Linda B. Rosenthal (born November 12, 1957) represents District 67 as a Democrat in the New York State Assembly, which includes parts of Manhattan's Upper West Side and Clinton/Hell's Kitchen neighborhoods.

Early life
Linda Rosenthal was born in 1957 to parents who fled the Nazis in the 1930s. Rosenthal earned a B.A. degree in History from the University of Rochester in 1980.

Career
In 1993, Rosenthal began working for US Congressman (for New York's 10th congressional district) Jerry Nadler and served as Manhattan District Director and Director of Special Projects. Prior to this, she worked in publishing.

Rosenthal was elected to the New York State Assembly in a February 2006 special election for District 67 between four candidates to replace Scott Stringer, who left the Assembly to become Manhattan Borough President.  Rosenthal won the November 2008 general election with 84.7 percent of the vote, and ran uncontested in the November 2010 general election.

In the Assembly, Rosenthal is the chair for the Alcohol and Drug Abuse Committee, and sits on the Codes, Housing, Health, and Agriculture committees.  In 2006, the New York State Legislature passed Assemblymember Rosenthal's landmark legislation allowing court orders of protection to be extended to companion animals; it has also passed laws she proposed requiring applicants of public assistance to be provided with resources for victims of sexual assault, allowing for same-sex couples to adopt non-biological children, eliminating the state sales tax on feminine hygiene products; and prohibiting the sale of electronic cigarettes to minors.

In May 2015, fellow Manhattan Democrat Richard N. Gottfried tried to curb a bill introduced by Rosenthal that would allow customers to bring their dogs to outdoor restaurants, because Gottfried was afraid larger breeds would be able to grab food from tabletops.

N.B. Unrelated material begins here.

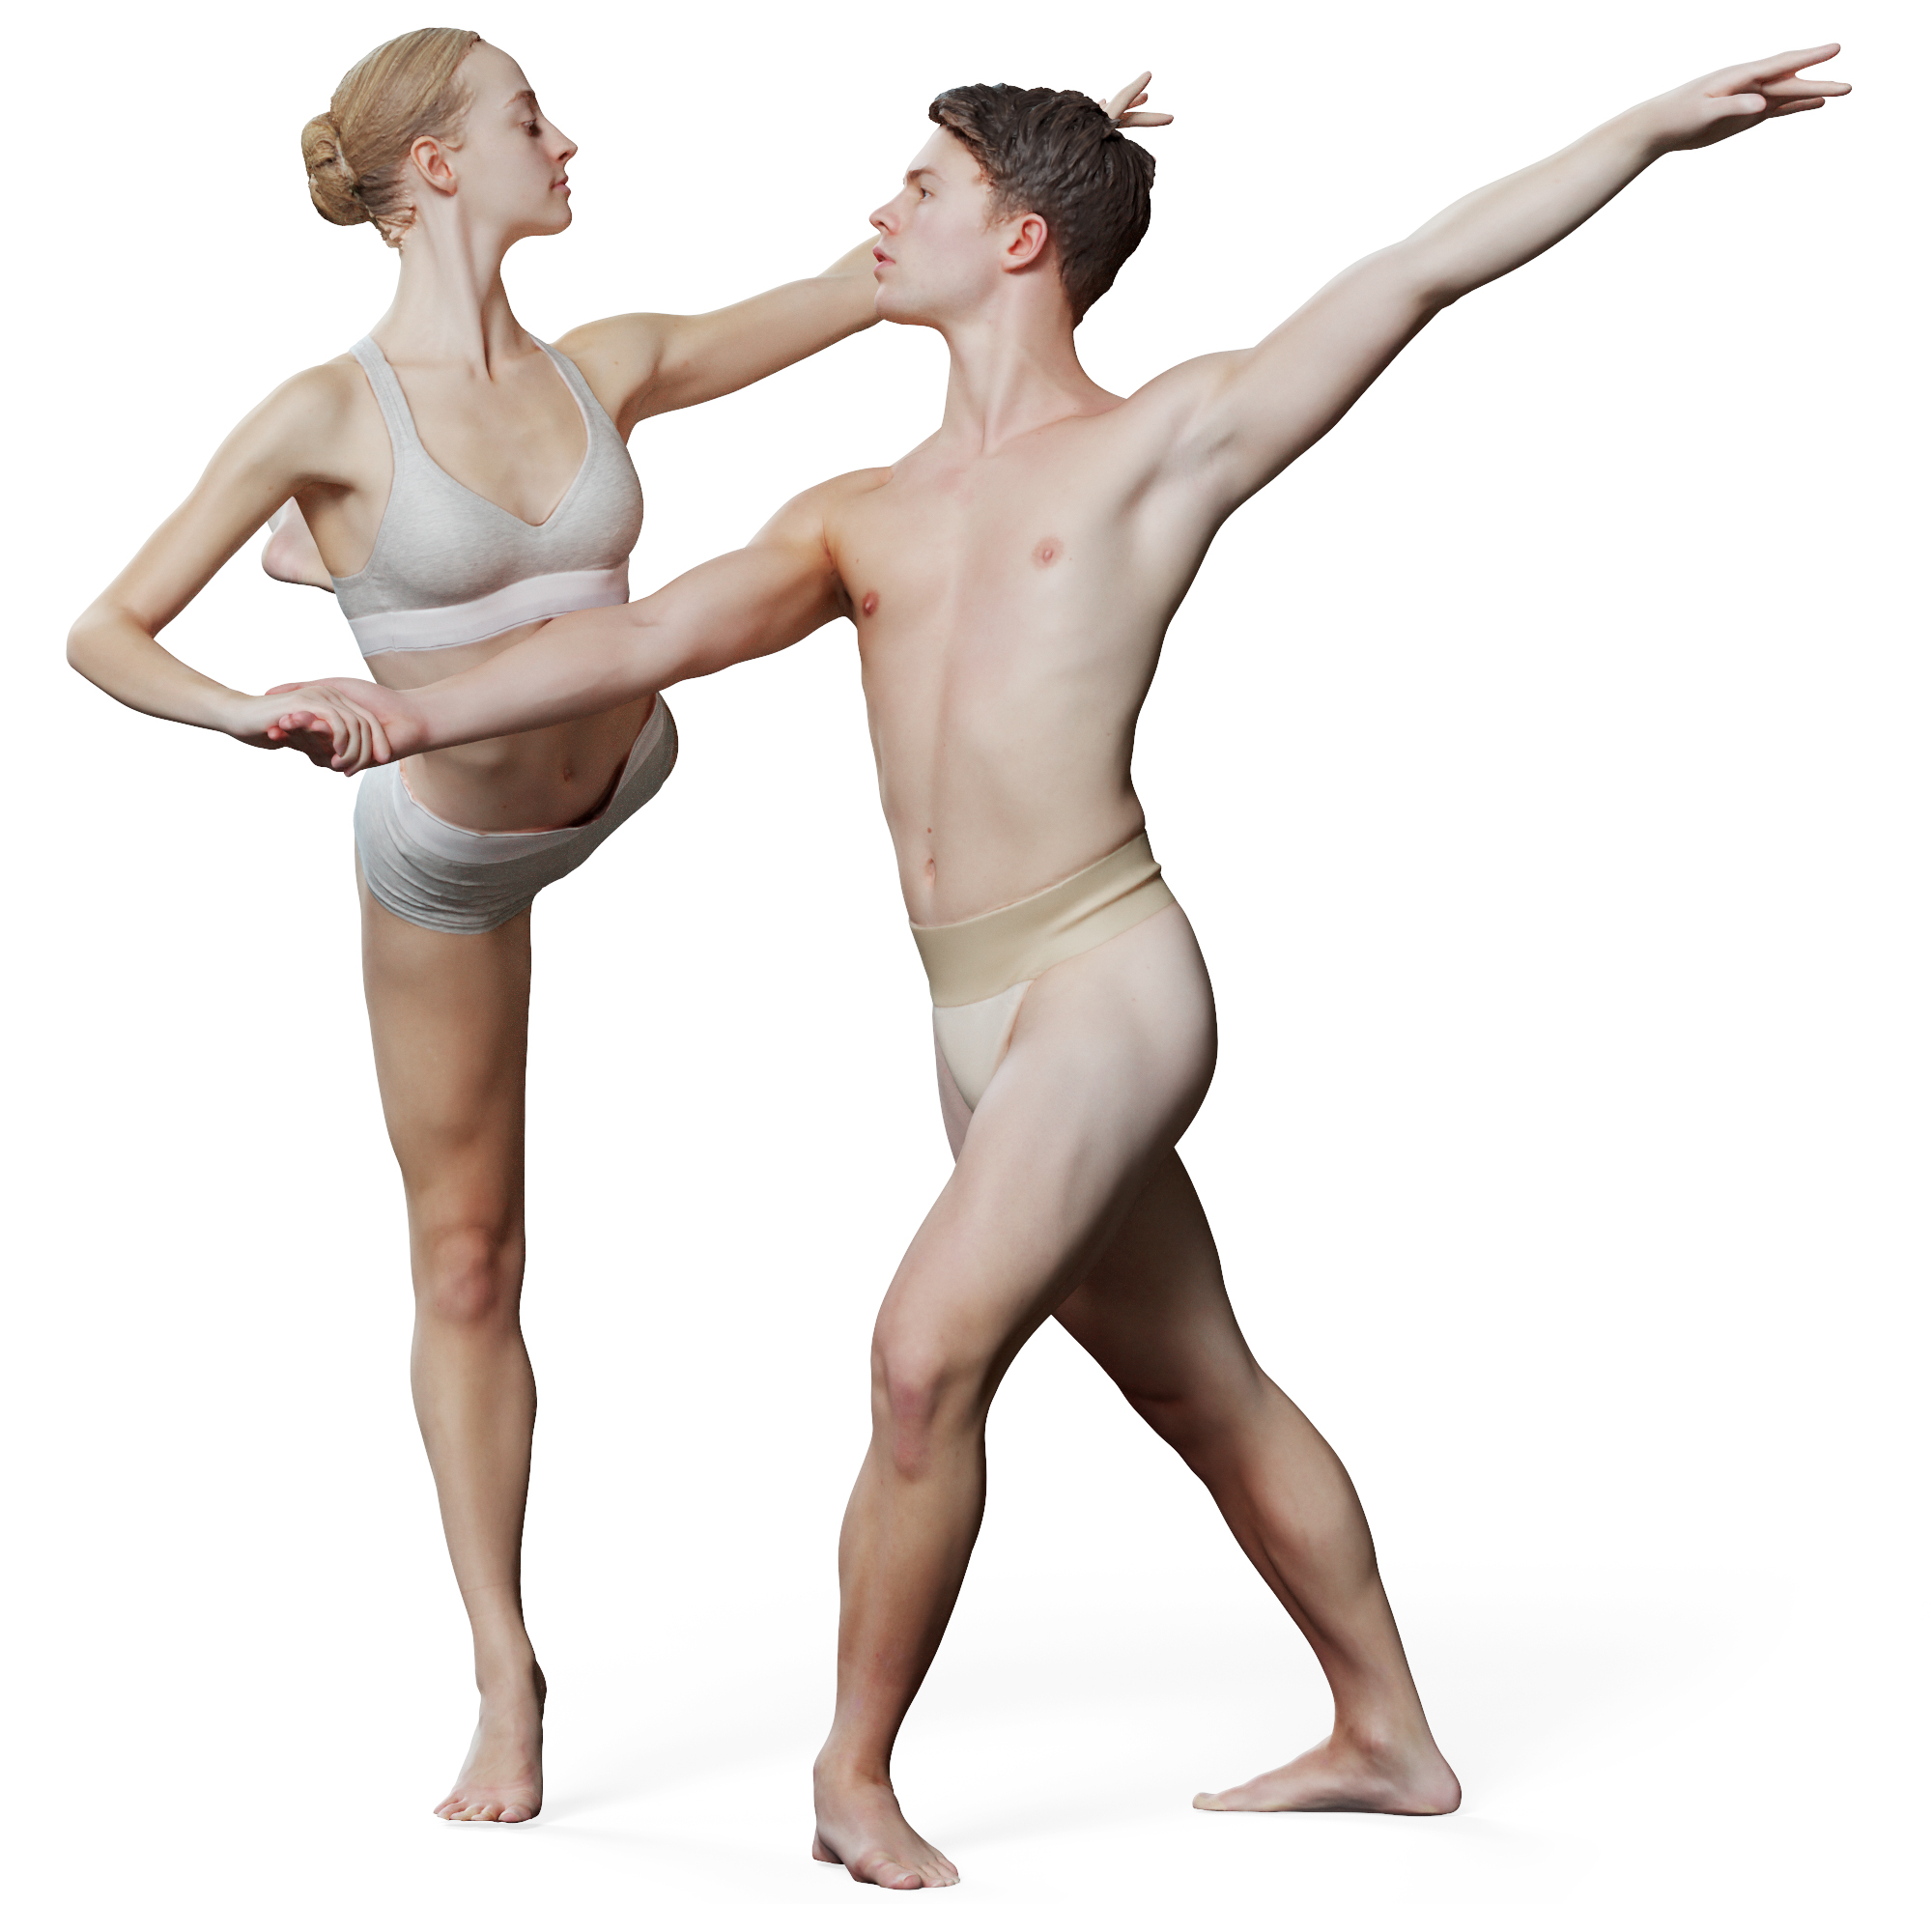 Ballet Dance Duo in Love

Gottfried said: "Some dogs are tall enough that all they would have to do is turn their heads and they would be eating off people’s plates." A similar bill that passed in California has not resulted in any problems, and the practice is also legal in Israel and some European countries, and common in Europe and in Los Angeles. The bill passed the Senate in May 2015 by a 60-0 vote.  In March 2016, follows the State Legislature’s passage of her bill, the New York City Department of Health and Mental Hygiene issued an advisory allowing dogs to accompany human diners at restaurants that have outdoor seating, joining service dogs which were already allowed in virtually all situations.

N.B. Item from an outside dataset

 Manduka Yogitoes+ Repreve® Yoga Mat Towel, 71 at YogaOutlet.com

In March 2019, she introduced a bill, A5040, that will ban a sale of fur in New York, by 2021. New York would follow California, which is in the process of legislating the ban.

Also in 2019, New York passed Rosenthal's bill A1303B, the first statewide law to ban cat declawing in the United States.  Assemblymember Rosenthal worked closely with the nonprofit animal advocacy organization, The Paw Project, to pass the bill.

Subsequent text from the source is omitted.